The technological solutions that have been floated thusfar -- like some sort of cryptographic backdoor that law enforcement would only activate when it properly obtained a warrant -- have been met with criticism.
"As a recovering computer scientist, it is clear to me that creating a pathway for decryption only for good guys is technologically stupid," said Lieu. "You just can't do that."
Rep. Will Hurd (R-TX), who is a former CIA agent and former senior advisor for information risk management firm FusionX, asked Dr. Matthew Blaze, who also testified at the hearing, for his opinions about a split-key approach to encryption. Blaze is a computer science professor at the University of Pennsylvania who's been focusing on cryptography, surveillance, and the legal aspects of it since the days of the Clipper Chip:
Blaze: There are things we can do, like splitting the key between multiple locations, that can reduce some aspects of some of the risks in a system like this.
Hurd: But it does create additional vulnerabilities that anyone who has technical capabilities would be able to take advantage of.
Blaze: That's right. We can move some of the risks around from one part of the system or another, but there is still fundamental problems.
Hurd also questioned Conley's assertions that Google and Apple have made it impossible for law enforcement could obtain data they need with properly issued warrants. Conley said "we could get the device, but we couldn't get the information off the device if it's running iOS 8," which would be secured with a passcode.
Hurd did not buy the argument. He asked Blaze how long it would take to crack a 4-digit PIN, using modern methods. Blaze responded "on modern computing hardware, essentially no time at all."

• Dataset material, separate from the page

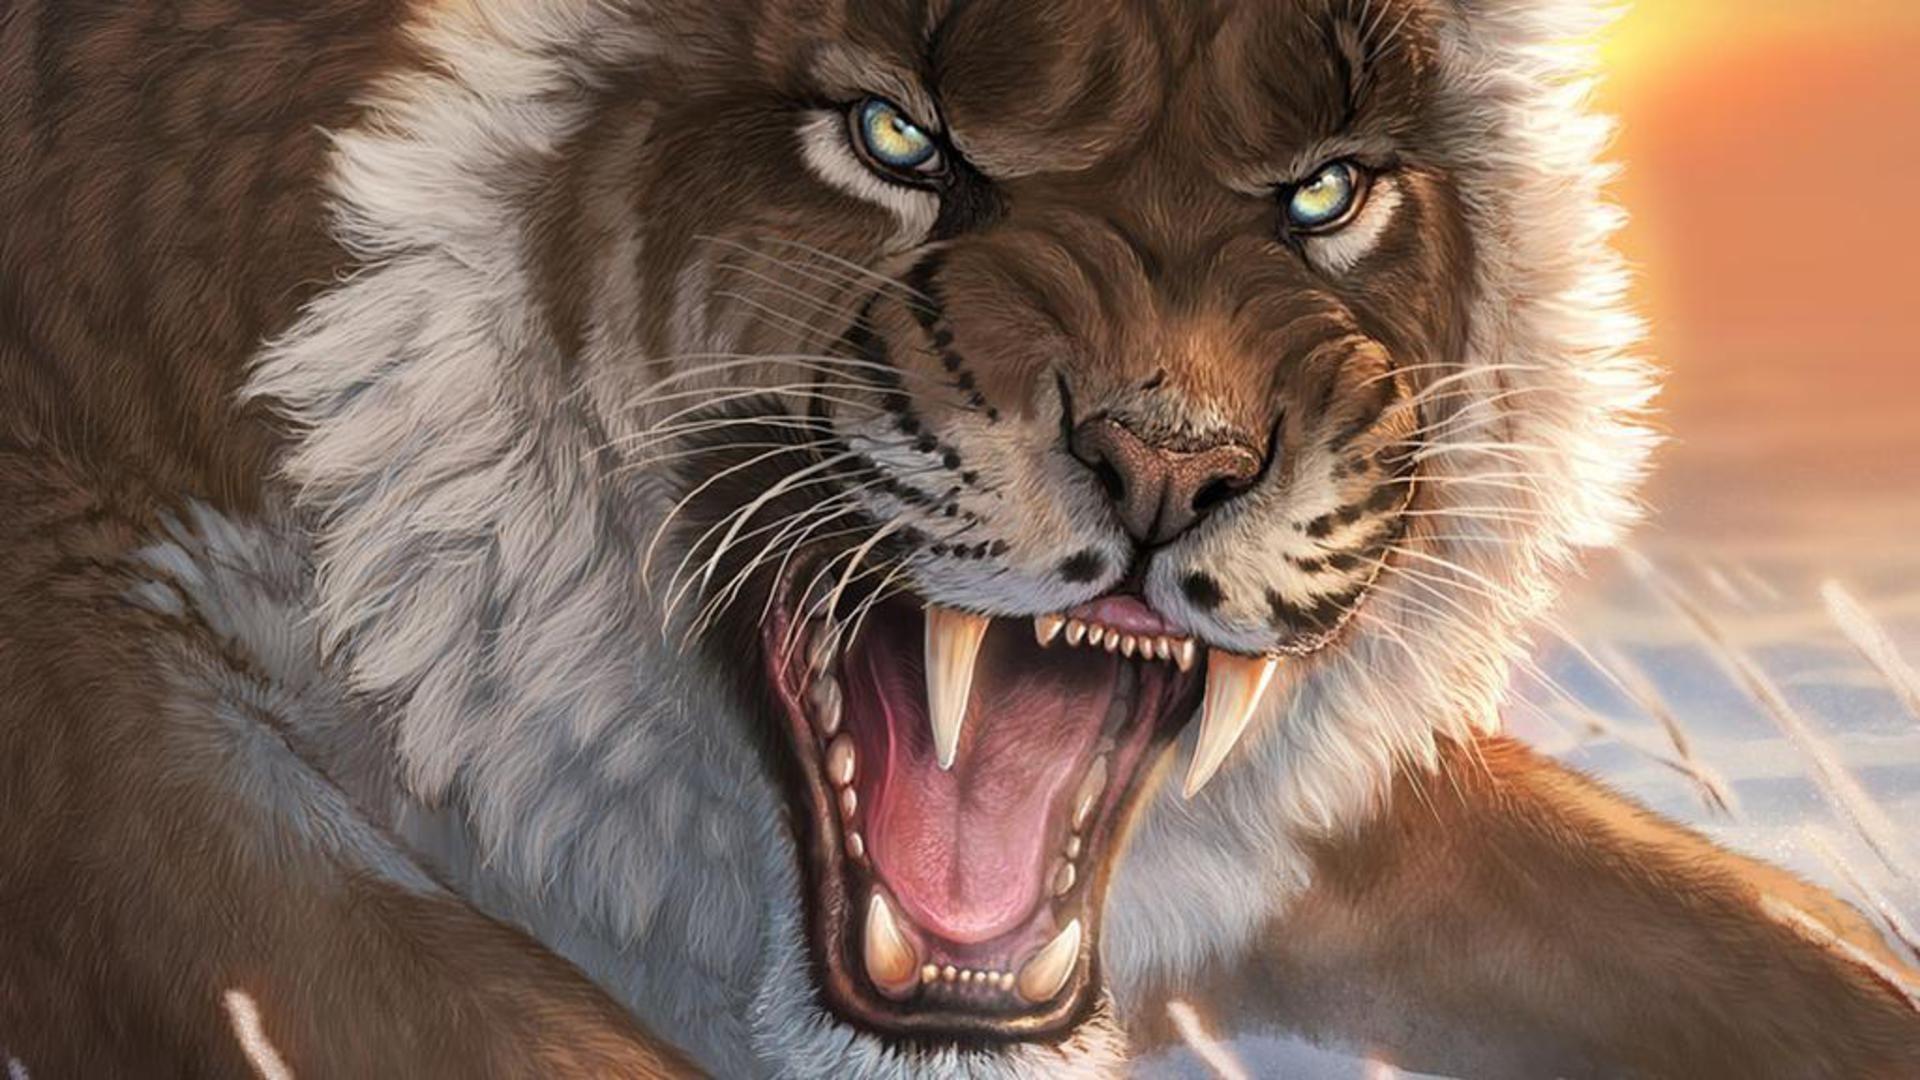 6d9a6683c Saber tooth tiger pics wallpaper 3d hd picture design free ...

Hurd: That's the equivalent of taking a safe out of a home and using some safecracking skills -- this would be the digital equivalent?
Blaze: No this would be much easier."
Something more complicated than a 4-digit PIN, of course, would be another matter.
Another solution that's been discussed: holding copies of encryption keys in escrow for government use. Yet, Moulds from Thales points out that confidentiality is not the only thing encryption is used for. Encryption is also used for digital signatures; and holding a key used for that purpose in escrow would entirely defeat the purpose of the digital signature. If more than one copy of a seal exists, then how can you be sure it wasn't forged?
"If I take a back-up of it," says Moulds, "I can never say that [the signature] was really her, because she can always say it was someone else."
The "solutions" that have been proposed may not be solve any more problems than they create, but there's no denying that encryption has a dark side, as anyone who's contended with ransomware knows.
Speaking at RSA, Assistant Attorney General for National Security John Carlin was asked for his thoughts on the matter. He had an optimistic viewpoint, saying that other complex issues have been handled before by the government and the security community working together to develop norms, and this would just be one more example of that.
"Is there a solution?" said Carlin. "I would think the best minds could come up with one."